Posted: Feb 13, 2006
Diamond, is it true that the Kennedy family used to pass you around as a gay sex toy? Is it true that Ted Kennedy used to get piss drunk, eat some Taco Bell, and then unleash a drunken spray of smelly diarrhea all over your face and jew-fro? Is it also true that were were under John F. Kennedy Jr.'s desk sucking him off all of those times that he failed the NY Bar exam, and that he was butt-slamming you right before his plane crashed down in 1999 and that you narrowly cheated death by jumping out at the last second with a parichute? Is it also true that you were bare-ass naked as you parachuted to the ground and suffered a painful burning on your skin due to the air resistance and that you punctured your hairless nut-sack when you landed in a tree with pointy branches?


Posted: Feb 7, 2006
Diamond, is it true that when Belding took you, Slater, Zack, and Mr. Tuttle to the L.A. Zoo you were really looking forward to seeing the giant sea turtle? Is it also true that Slater told you he had a "turtlehead" in his pants? Is it true that he then pulled down his pants and showed you the shit-turtlehead sticking out of his butthole and then made you eat it?


Posted: Jan 24, 2006
Diamond, where does Belding rest his lit doobie when he's ass-raping you? Does he stick it in your jew-fro?


Posted: Jan 6, 2006
Diamond, is it cool with you if I take a huge Taco Bell shit in a bag of little chocolate donuts and then make you eat all of the shit-covered donuts while jagging you in the ass with a baseball bat?


Posted: Jan 4, 2006
Diamond, is it cool with you if I have sweaty unprotected buttsex with some random dude at a rest stop "gloryhole" and then drive over to your place and make you lick that dude's shit off my cock? This is a very serious question and I would greatly appreciate your prompt response.


Posted: Jan 3, 2006
Screech, remember when you contracted all of those STDs from Belding, Tuttle, Dewey, James the Actor, Max, Slater, and Zack's dad from all of the times that they ass-raped you against your will? Does it bother you knowing that that none of them ever gave you a reach-around while defiling you? Does it piss you off that your mom, Mrs. Powers, never believed you when you told her that you were a victim of homosexual rape because she just assumed that you were a flaming queer? Please contact me to discuss.


Posted: Dec 19, 2005
Diamond, is it cool with you if I eat some burritoes and then take a huge Taco Bell shit in your frying pan? Also, would you mind if I heat the shit up on your stove and made you inhale the fumes of my frying shit? Would it also be ok if, after heating up the shit, I left the stove on "high," forced your face into the flame to ignite your neatly trimmed beard, and then left the flame on until your house burned down?
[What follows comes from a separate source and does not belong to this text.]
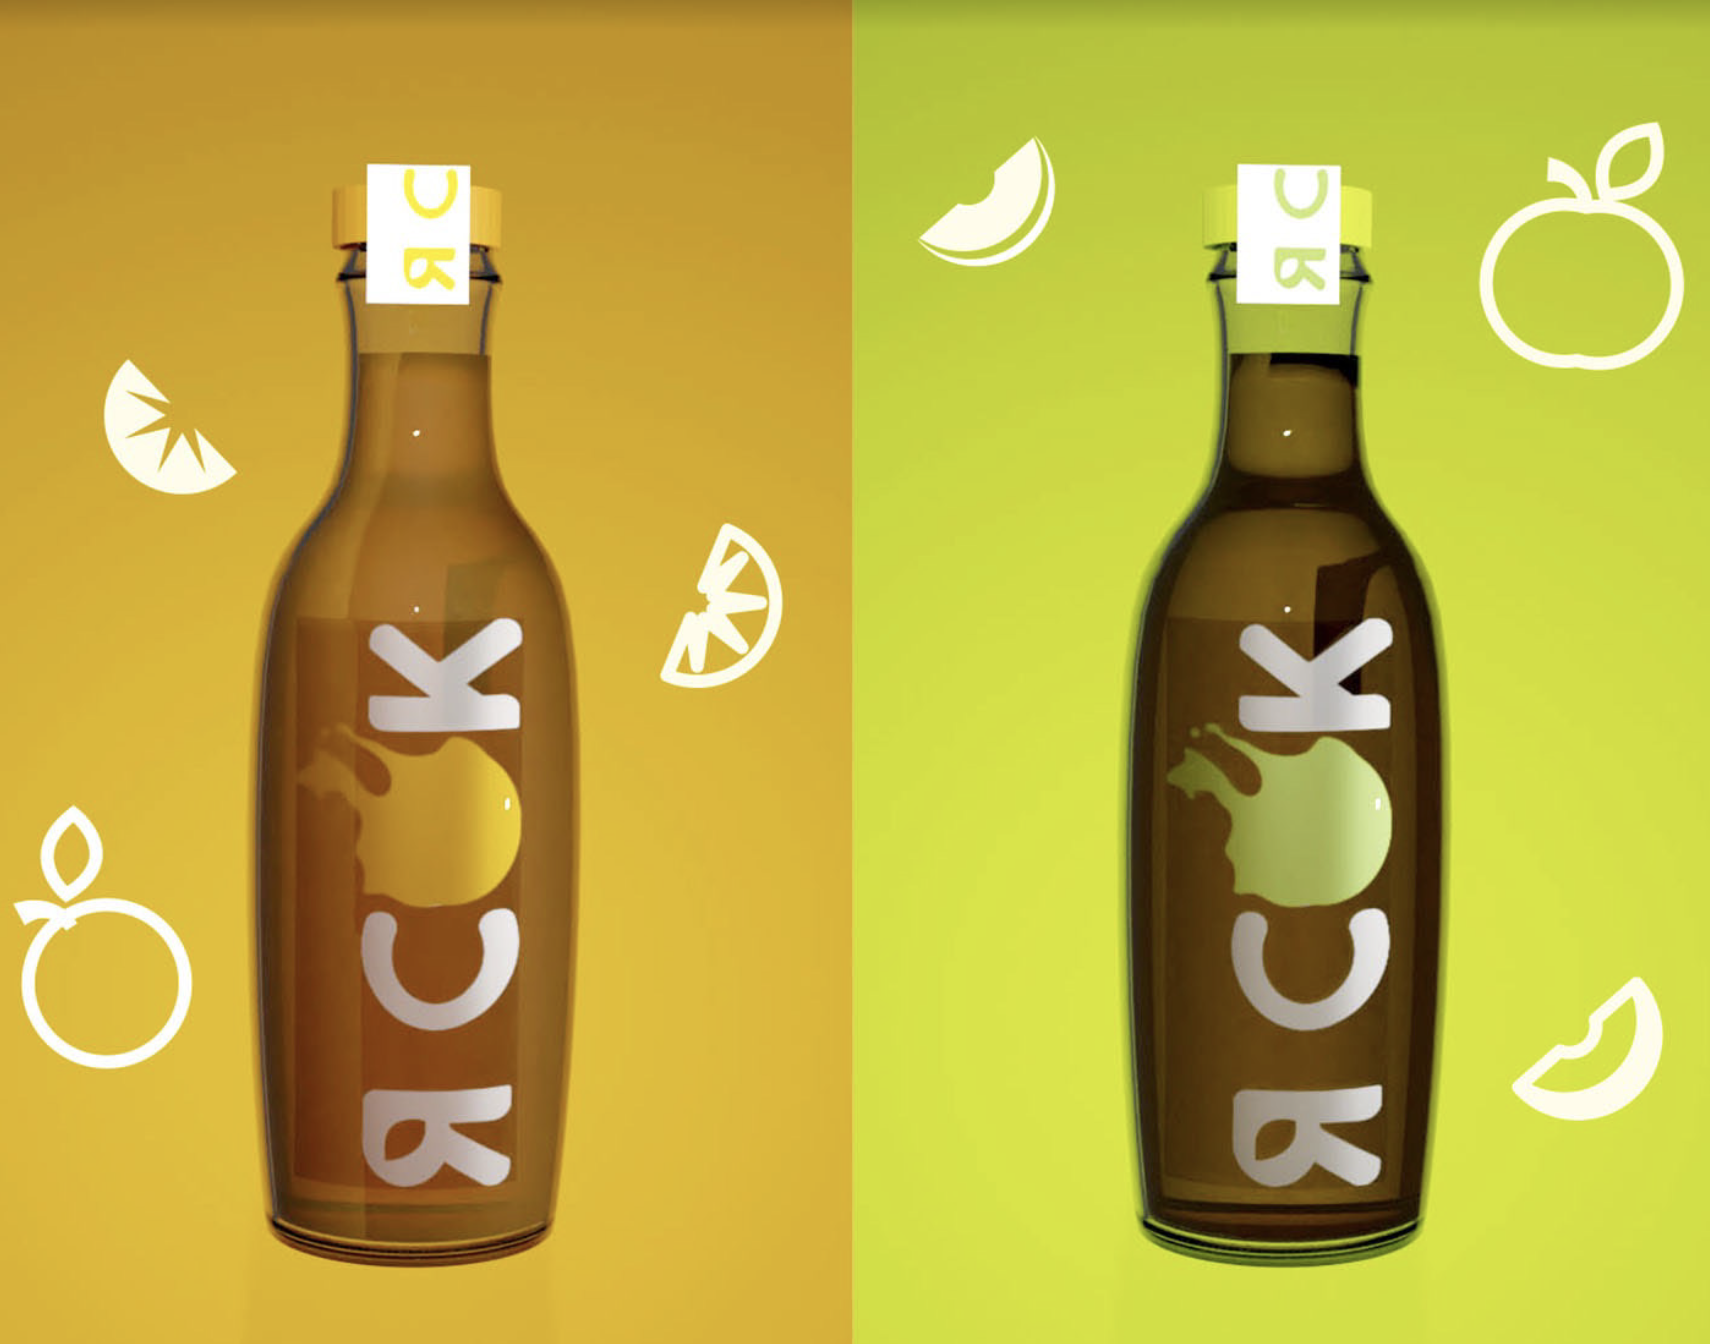 PRINTABLE Bottle Cozy Template downloadable PDF. DIY Packaging for Beer  Bottle Cozies. Bottle Cosy Labels. Modern Design.

Please contact me to discuss and let me know if you are "hip" to my plan.

P.S. Which would technically be considered to be more "flaming," your stove or you?


Posted: Dec 19, 2005
Diamond, is it cool with you if I take a huge shit on your chin and then scoop up the shit with a spoon and lodge all of it up into your nostrils? Also, would you mind if I teabag you after my shit hardens inside of your nose, making it impossible for you to breathe from your nose? Please get back to me immediately, as this is a serious and important question!


Posted: Dec 15, 2005
Diamond, is it cool with you if I heat up some hot bacon grease in a frying pan and fire it right in your face and then smack you in the face with the pan? Would you mind if I dumped a gallon of boiling hot water on your tiny cock and balls and then stuck a couple Barbie Dolls up your ass while my stereo plays the song "Barbie Girl" by Aqua?


Posted: Dec 15, 2005
Diamond, is it cool with you if I stomp on your hairless pre-pubescent nutsack while wearing golf cleats? Also, you you mind if I stick a red-hot fireplace poker up your ass? Please contact me to discuss!


Posted: Dec 12, 2005
Diamond, you can call me "Fred Flintstone," because I will make your "bed rock!!!" Call me, you gay icon!

Do you like fast food? Because I've got a nice big "whopper" in my pants for you! I'll feed it to you rectally!